I'll take it, if we can arrange delivery. Let's trade emails.twdb.twdb [at> gmail (dot} comThanks.== Michael
Whoa. Like you really thought I was fucking serious? I'm sorry, man, but not actually getting rid of the machine. Just frustrated--didn't mean to confuse you.Again, my apolgoies.
Oooh... this is embarrassing. What clues did I miss in that short paragraph? I was so convinced. Apologies accepted, of course; I didn't mean to be confused.
No, there actually weren't any overt clues, other than the fact that it's me who wrote it. I'm prone to hyperbole, sarcasm, and the occasional rant, along with terrible jokes, longstanding bouts of britishyness, and very long Sentences.I'm sorry for confusing you.

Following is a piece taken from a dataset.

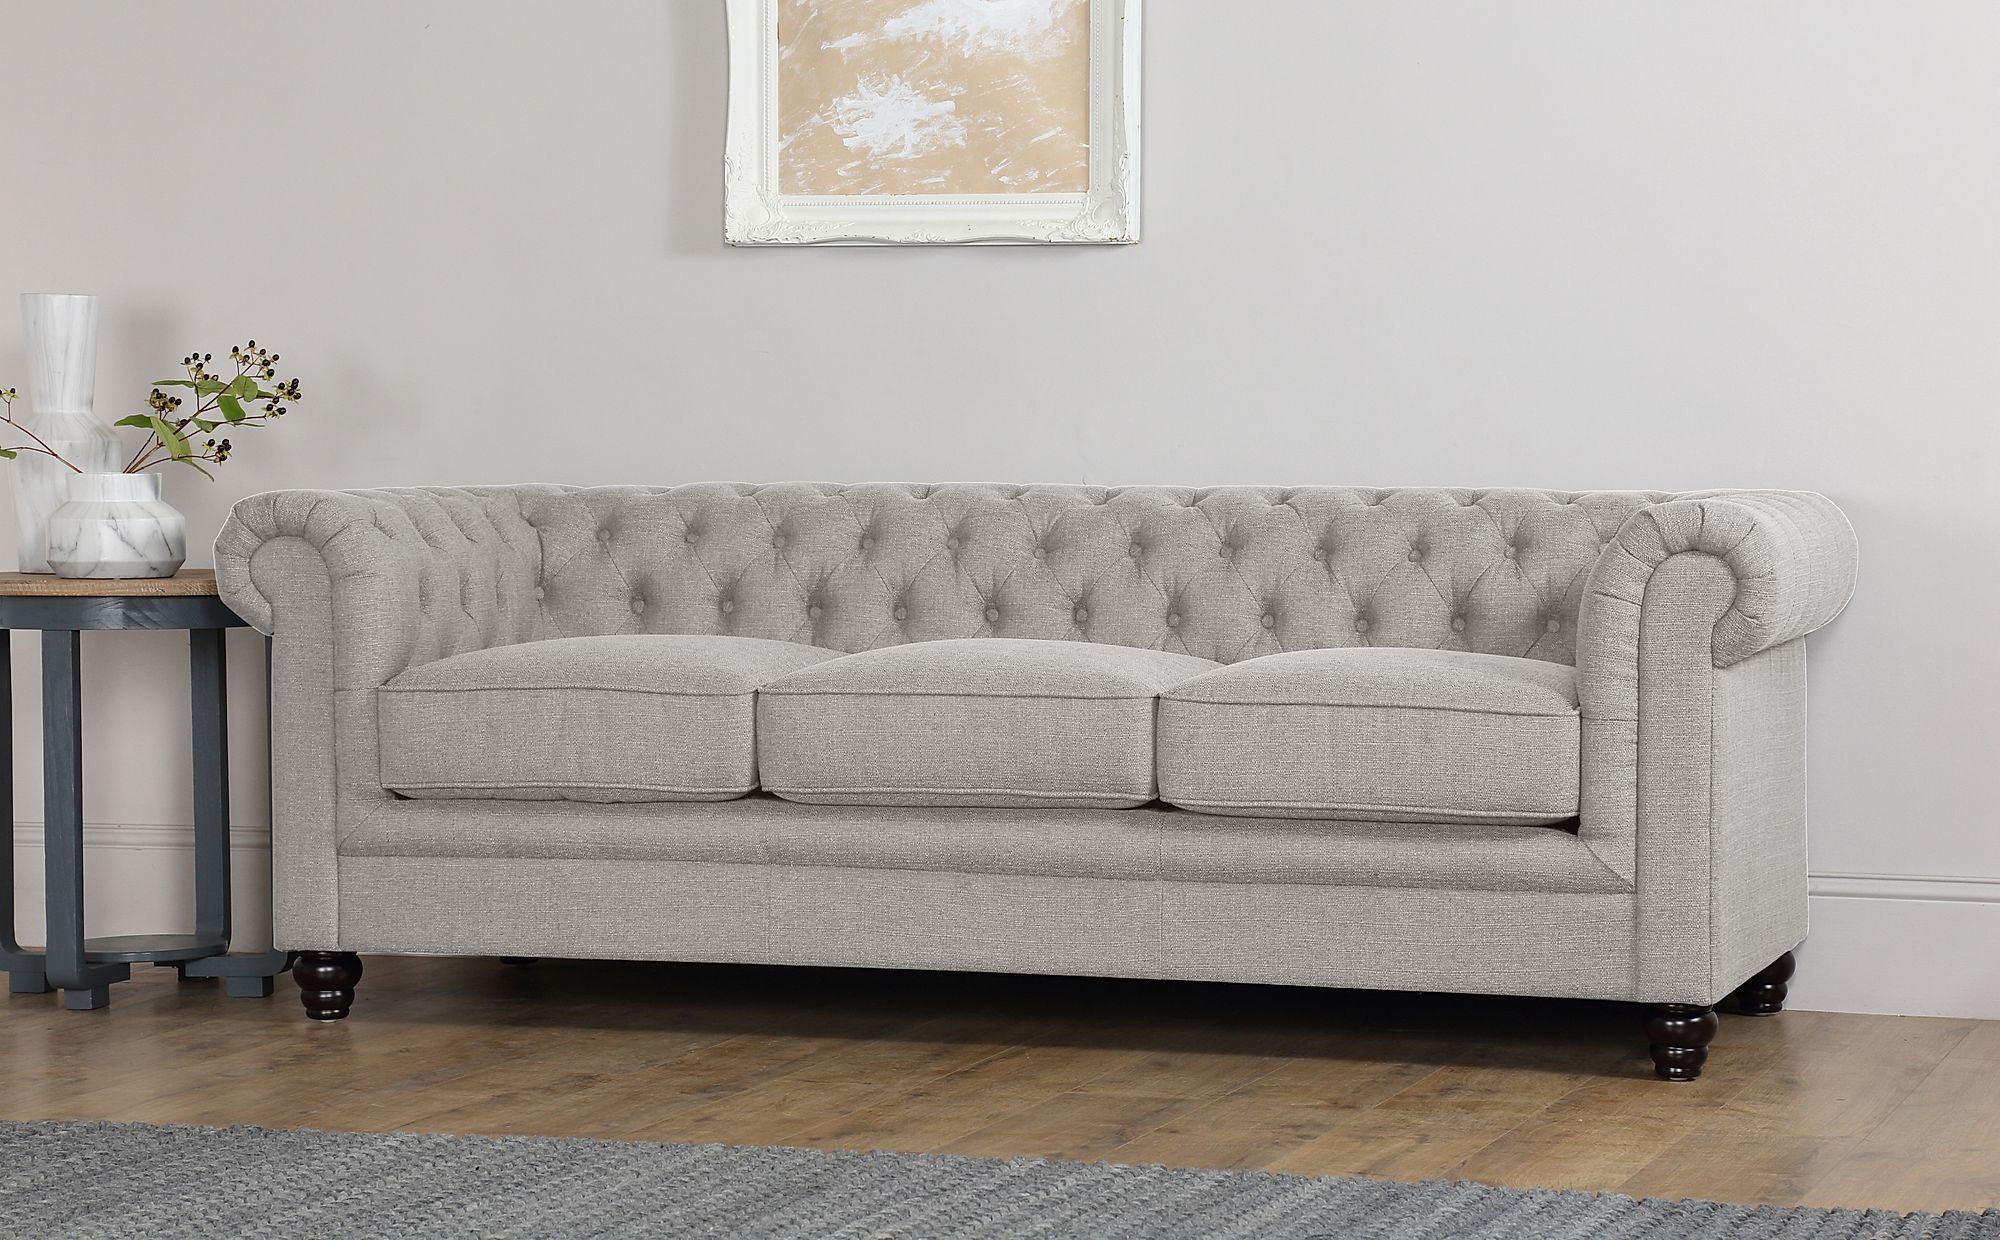 Hampton Light Grey Fabric 3 Seater Chesterfield Sofa | Furniture Choice In Sofas In Light Gray (Gallery 13 of 22)

There are four rubber washers that the mechanism rests on within the body shell. You can see them from the underside. With age they deteriorate, allowing the mechanism to sink to the point that the bottom of the carriage, or bits that stick out from the bottom, like the margin sets, begin to hit the body. You can probably see fresh scratches on the body at that point. A trip to the hardware store can get you the parts to set things right.

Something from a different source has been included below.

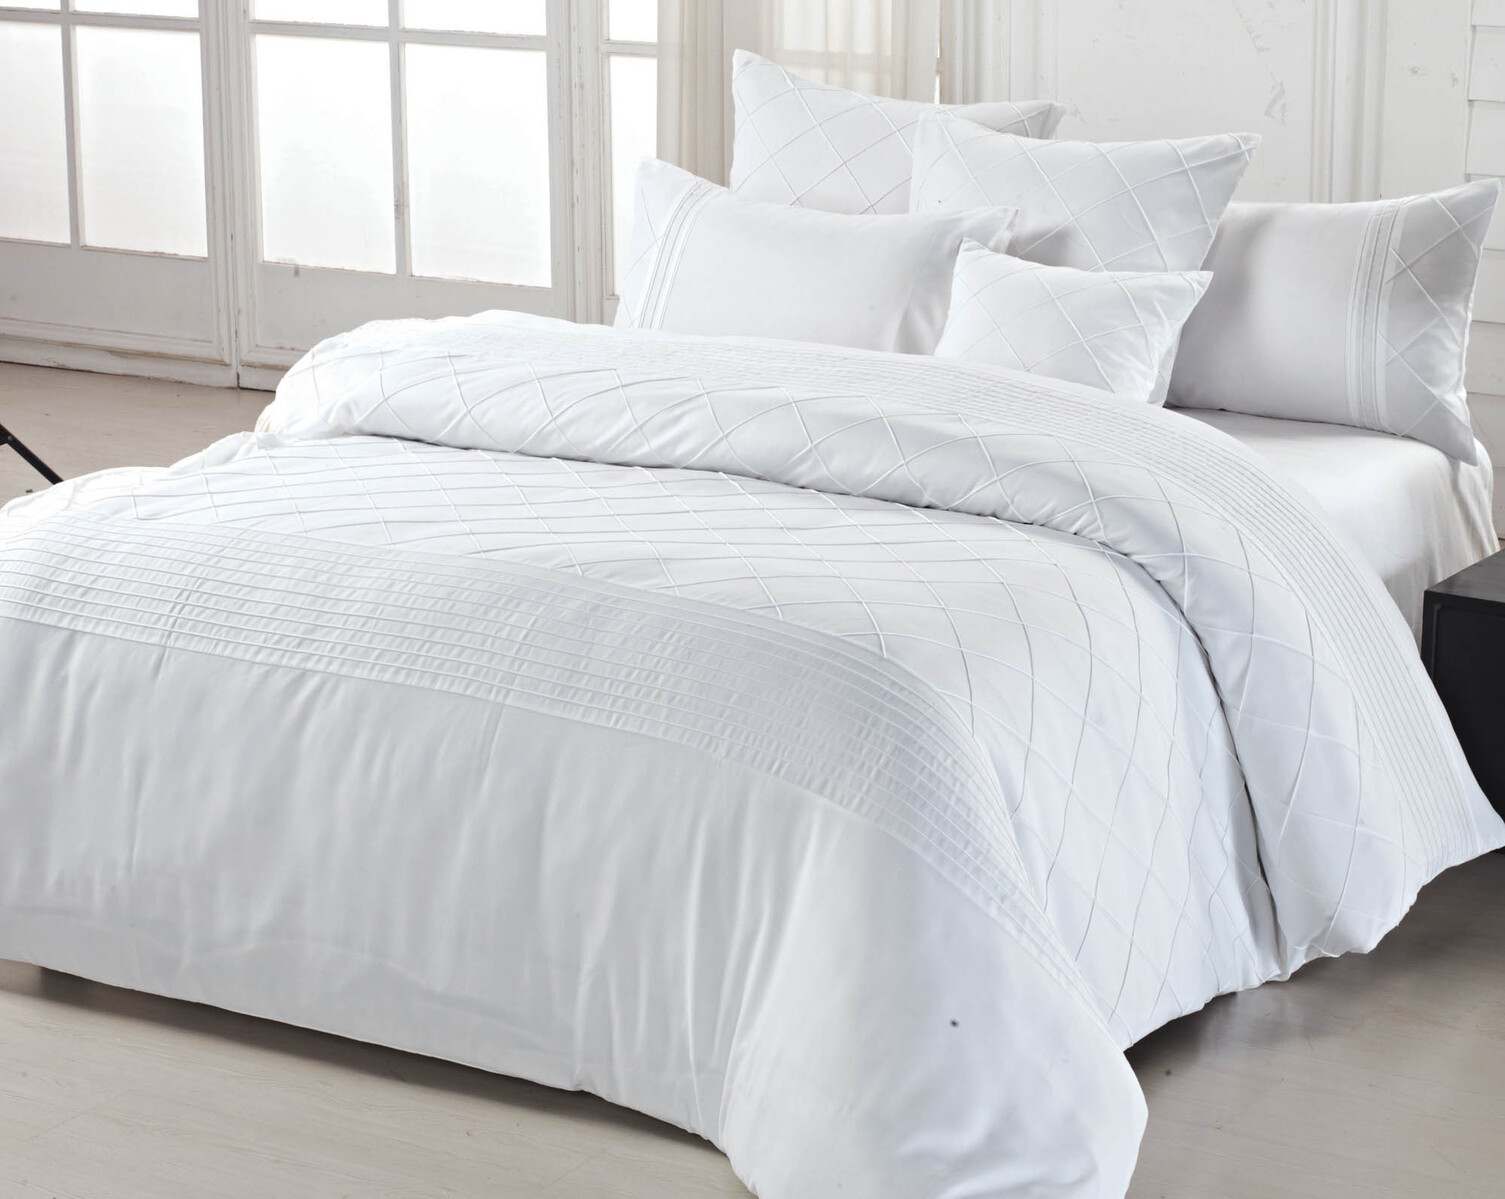 Lamere White Diamond Quilt Cover Set By Luxton Manchester Direct

Nyah, we're beyond this. I did the bushing repair when I first got the machine... And then it was great until I decided to write nearly 7K on it in a day. And then a day later it got taken apart--the night I posted this, or at least partially taken apart. The saw tooth escapement rail came off, the shell came off, the carriage rails got messed with, the drawband came unhooked, the bakspace linkage broke again... Yeah. It's been interesting.